Now I don’t have the ability to write a whole history of interwar period airpower thought, but much of it boiled down to targeting. There was a difference between those who favored more tactical operations (attacking the enemy’s armed forces—such as Air Marshal Slessor and I would argue General Billy Mitchell) and those who favored what came to be known as strategic bombing (the attacking of targets that underpin enemies armed forces, but removed from the battlefield. These different strategic airpower ideas took many forms. There was some who favored the attacks on enemy cities and civilian populations—to break morale and cause such terror that the other side’s government would be forced to sue for peace (see Air Marshal Trenchard). On the other hand there were those who favored attacks on economic/productive targets, to try and disable an enemies ability to wage war. For the US the group most engaged with this was the Air Corps Tactical School, which it could be argued did the first systematic studies about how strategic airpower could cripple enemy production by destroying some vital productive nodes. On the other hand, there were those who looked more at attacking economic capabilities—such as fuel production and the like, to try and degrade an enemy’s ability to move things. One of the most important examples of this was was Maurice Hankey, secretary to the UK Committee for Imperial Defence.
If you want to read more on the subject, the link below will let you download a 600+ page book edited by the airpower scholar Philip Meilinger, a book which goes into the interwar period in good detail and mentions all of the above except Hankey. See, you get links to free books with this substack ;)

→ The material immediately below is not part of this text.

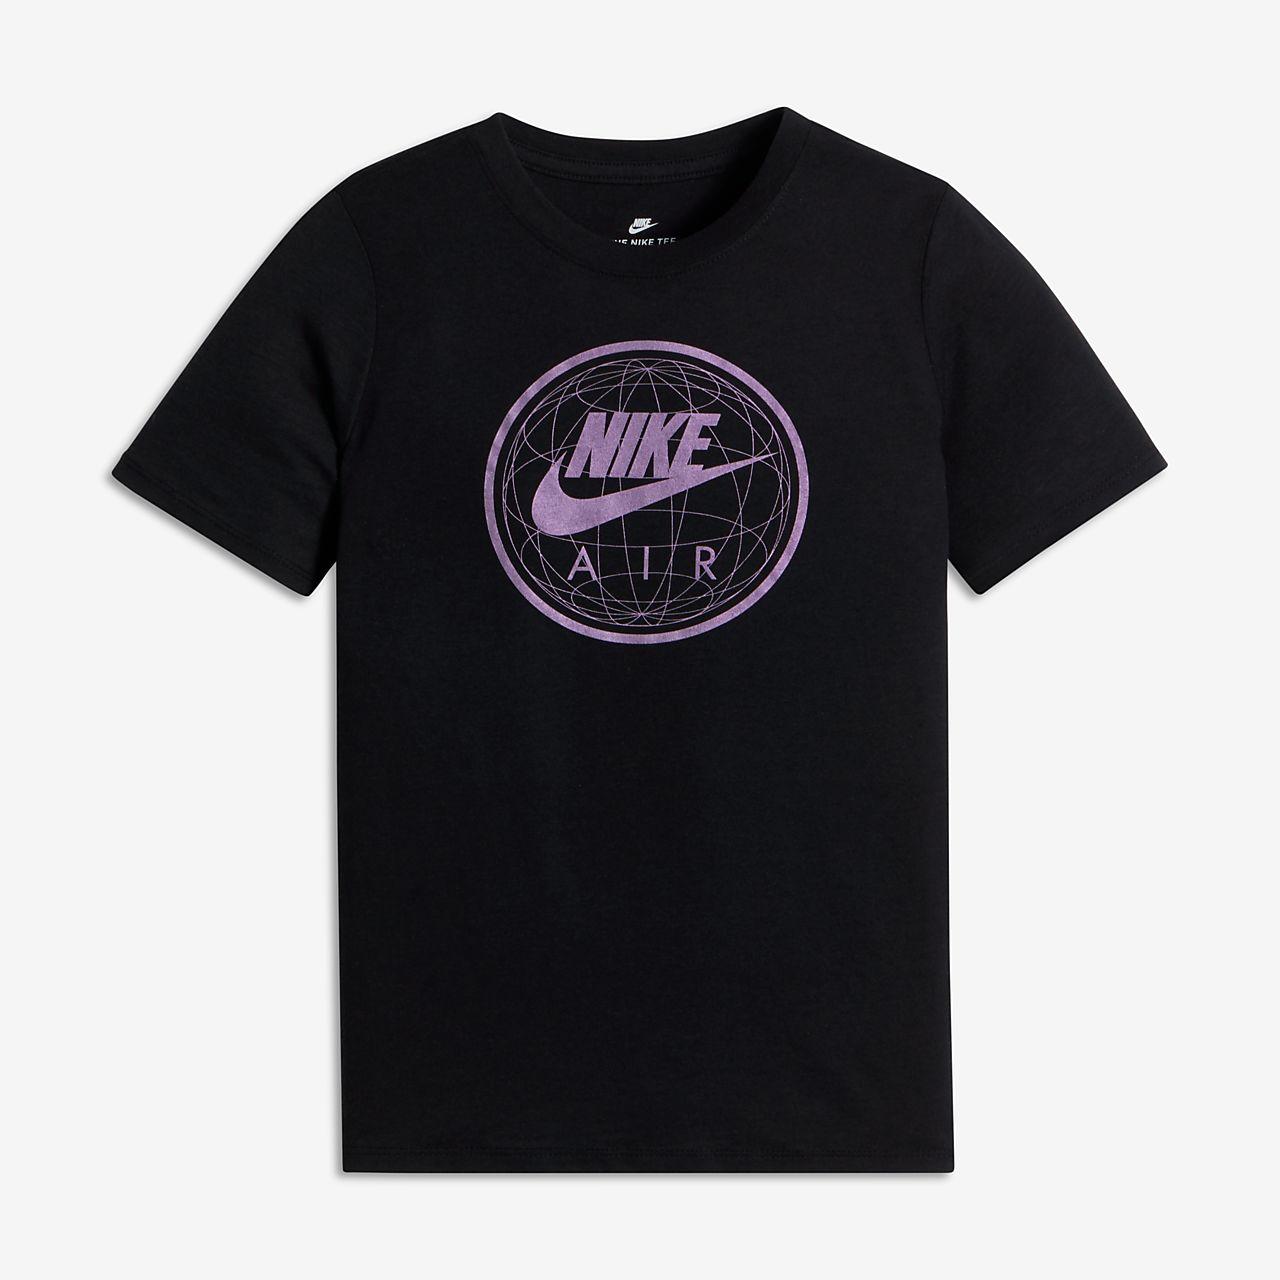 Nike Sportswear Air World Big Kids' T-Shirts Black

https://www.airuniversity.af.edu/Portals/10/AUPress/Books/B_0029_MEILINGER_PATHS_OF_HEAVEN.pdf
Overall what comes out is the widespread variety in the airpower discussion, as a range of individuals and organizations tried to understand how airpower should best be utilized. By the end of the interwar period, this debate was unresolved. When it came to strategic bombing in particular, what seems to have happened was that both the RAF and USAAF (the United States did not have a separate Air Force at this time, and strategic bombing became the preserve of the United States Army Air Force) came up with plans to do almost everything—not knowing what they would prioritize when the time came.